Saturday, September 09, 2006

Logo for anti-racist group (1992?)

This logo was for an anti-racist group that organized to oppose Klan and neo-Nazi organizing in Dubuque, IA and Janesville, WI in the early 1990s. (One action we took was made somewhat famous by Geraldo Rivera, who got into a scuffle with racists in Janesville.) The idea I had for the logo was to make the R look like a Klansman, with the A stopping him.

ARM made several trips to the Dubuque and Janesville areas, and we worked with local Dubuque residents who had previously organized as a GLBT support group. ARM's membership in Iowa City included a number of members of the Black Student Union on the UI campus, and when we traveled to Dubuque to counterdemonstrate at a Nazi rally, I learned some lessons I've never forgotten.

The first lesson was that one must confront racists.
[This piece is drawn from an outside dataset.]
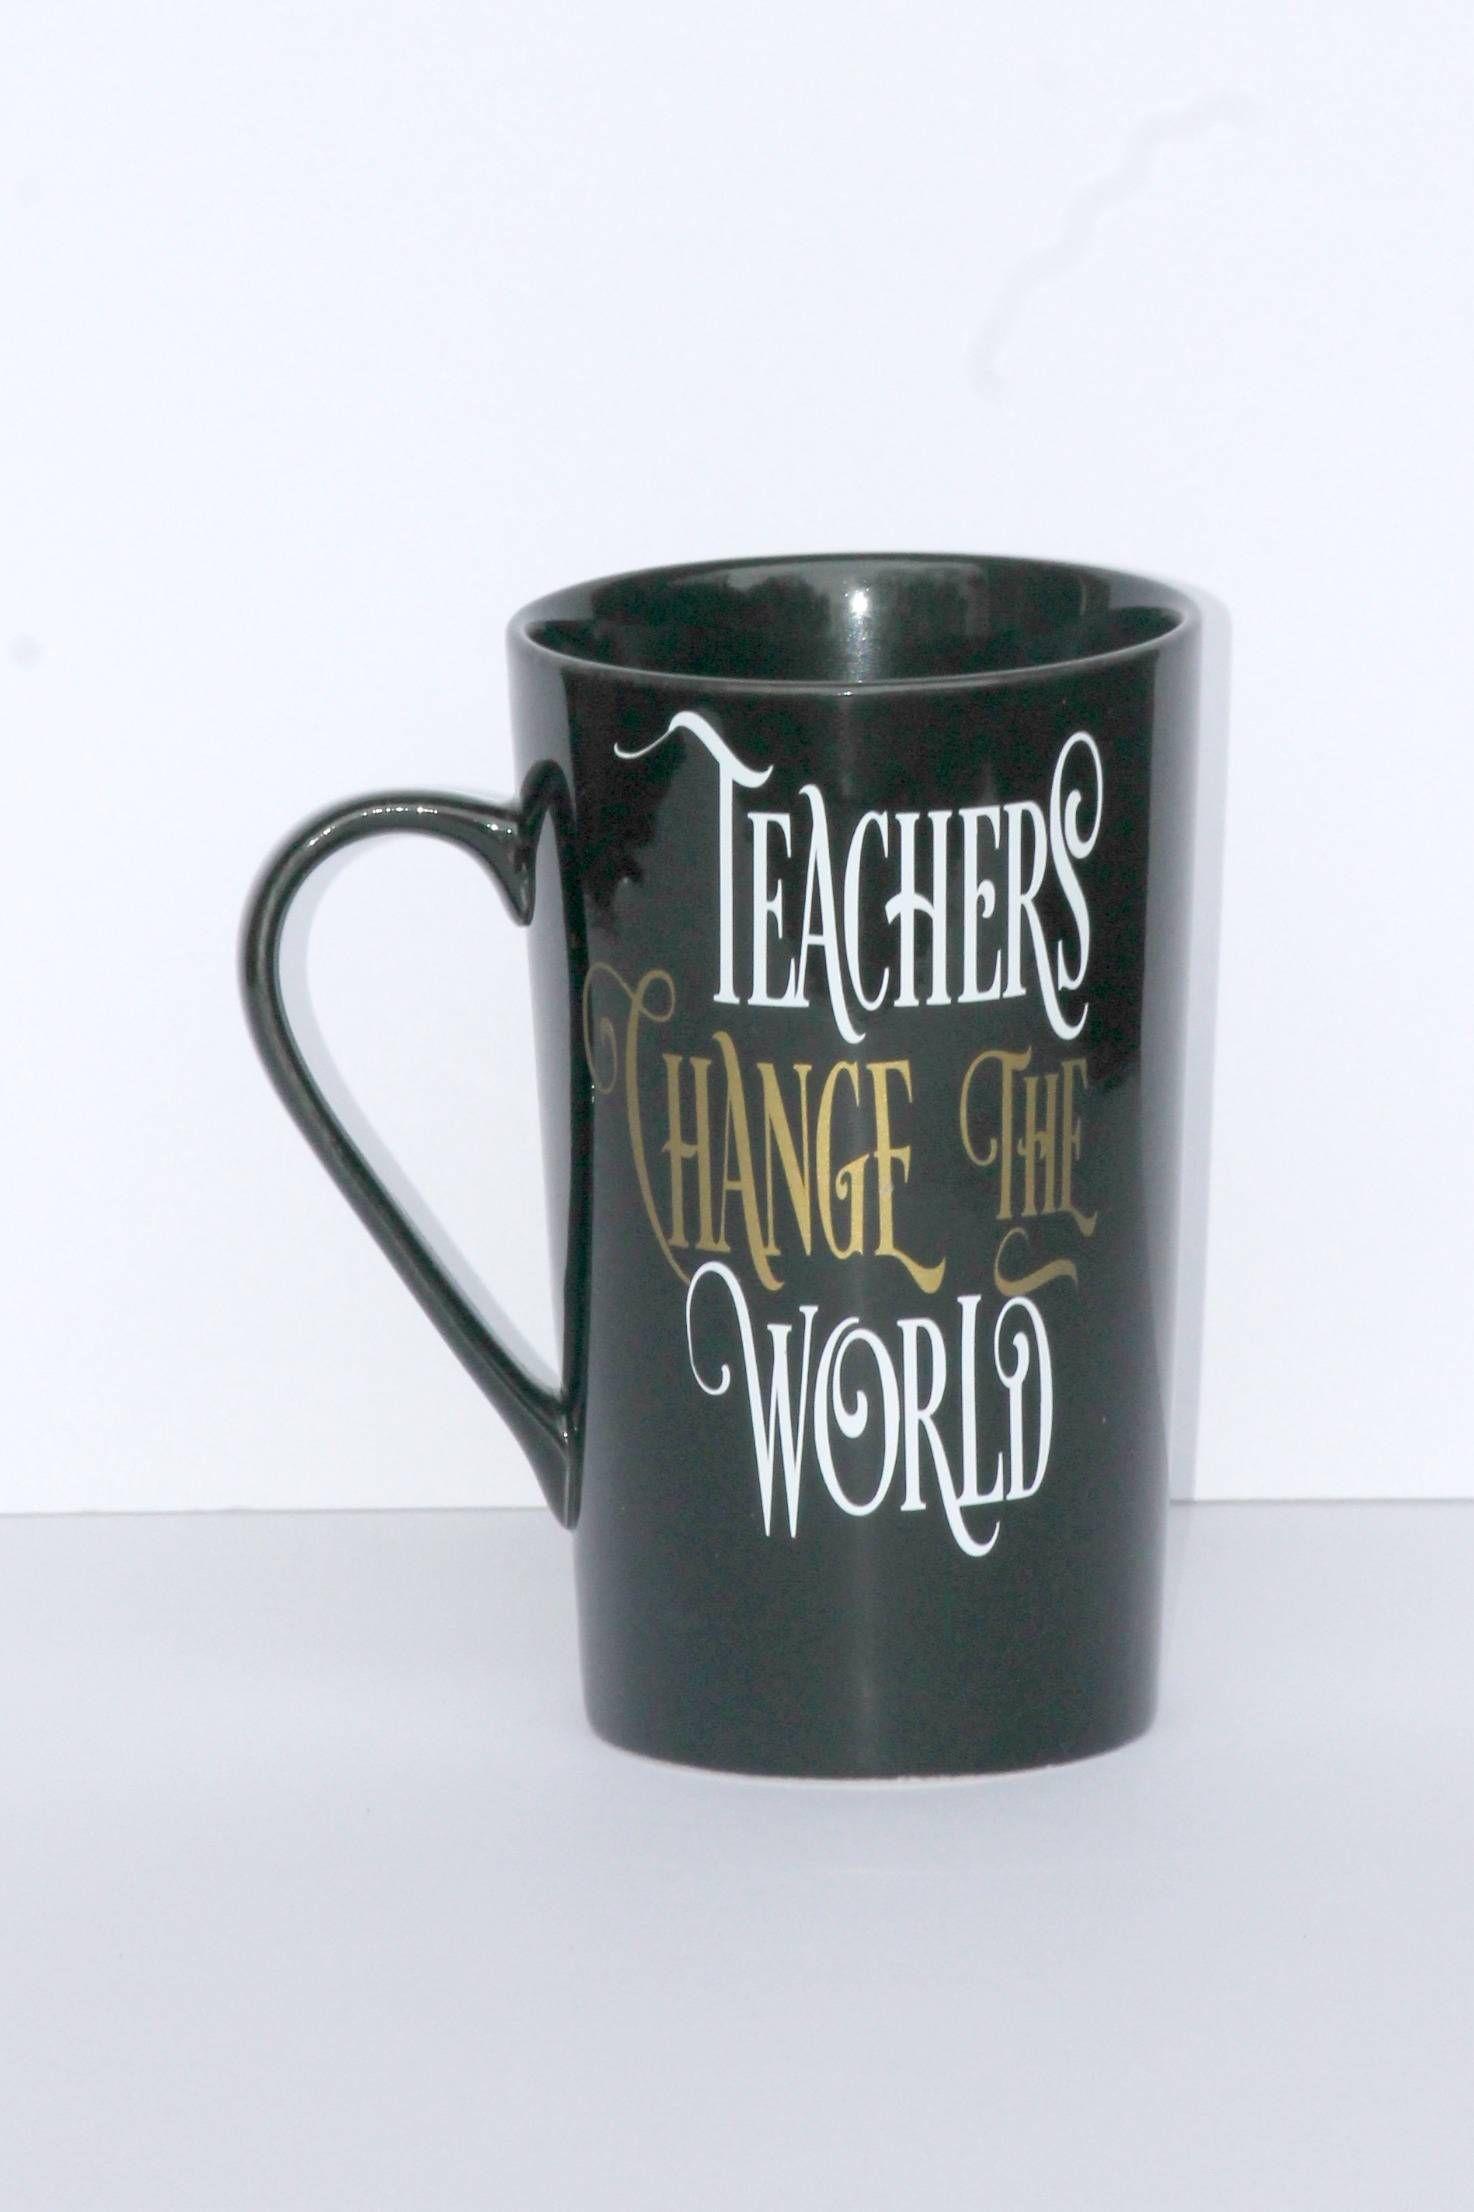 Teachers Change The World Lg Black Coffee Cup
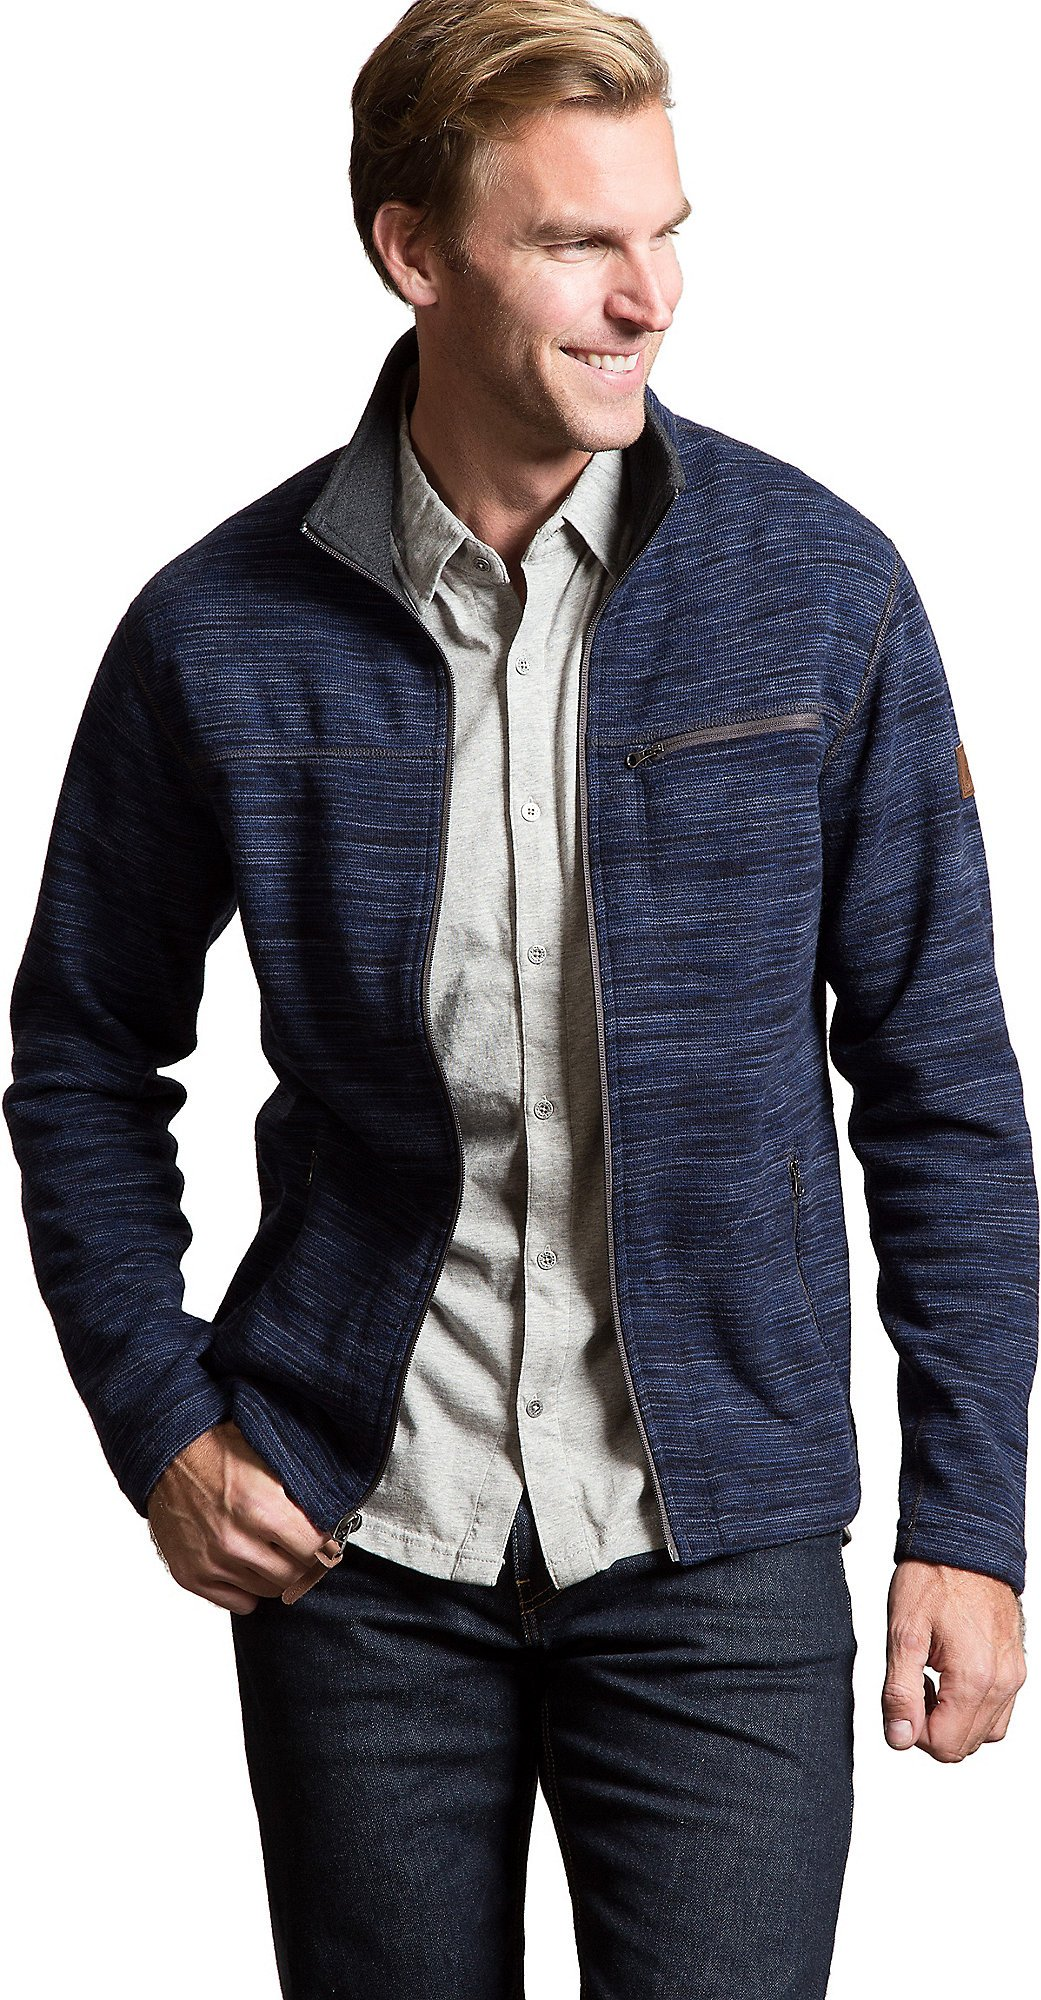 boreas Italian Wool-Blend Fleece Jacket

Most civil rights "leaders" in Dubuque favored letting the neo-Nazis have their rally unopposed, and having a picnic across town instead. Fortunately ARM and the local GLBT activists understood that lack of opposition is exactly what racist groups need in order to gain confidence, encourage fence-sitters to join them, and grow.

This was an idea that I had been familiar with through my reading, but it was brought home to me forcefully at the counterdemonstration itself. Actually hearing the Nazi rhetoric and "sieg heils", seeing the uniforms and salutes and marching and signs in a central part of downtown Dubuque, was even more upsetting than I had expected. It wasn't something to be ridiculed and ignored and have a picnic about.

And it became very personal when a young local Black teenager on our side of the fence (which the city had erected to separate the racists from us) suddenly gasped as she saw a white girl she recognized on the other side. The Black girl turned to me in shock. "I know her. I know that girl. She's my friend. How could she be with them, over there?" Her eyes were filling with tears as she looked back at the racists and then turned back to me, looking absolutely lost. All I could say was, "Don't worry. Please don't cry. You have 500 friends on this side of the fence."

This girl hadn't been part of the organized opposition; she had come to the park out of curiosity about what her parents and those civil-rights "leaders" had been telling the Black population to ignore. And later, as ARM members returned to Iowa City, I wondered what that young woman would have thought if anti-racists hadn't organized that counterdemonstration, and she'd been alone when she saw her supposed friend among dozens of racists, unopposed by anyone. Luckily, instead she saw Blacks, whites, gays, lesbians, straights, local people and people from out of town, far outnumbering the pathetic and cowardly goosestepping little group.

The second lesson I learned also gave me indelible proof of the theories of struggle I'd been reading about. The local Dubuque residents were most GLBT people and their supporters. Many of ARM's supporters were Black college students, many of whom had long-held homophobic ideas. But seeing who their allies against the Nazis actually were--seeing gays and lesbians being the most prominent and dedicated of the local organizers in our efforts--changed the Black students' minds to such an extent that, after that successful anti-Nazi rally in Dubuque in May, the Black Student Union marched as a contingent in the Gay Pride Parade that June for the first time ever.

Karl Marx said something to the effect that "struggle is necessary not only because the ruling class cannot be defeated except through struggle, but also because only through struggle can the working class rid itself of the muck of ages and fit itself to rule." People learn and change in struggle. They are tested and their ideas are tested. They learn who their allies are. They overcome divisions that we're all taught to believe in--hostile divisions of race, gender, sexual orientation, national origin, and all the other "muck" used to divide working people so they can't unite and fight back.

All of this made sense to me when I read it, but it was all purely theoretical until I got involved in struggles myself. The anti-racist organizing I helped with in Dubuque and Janesville in the early 1990s proved things to me that I will never forget. It made me an activist for life.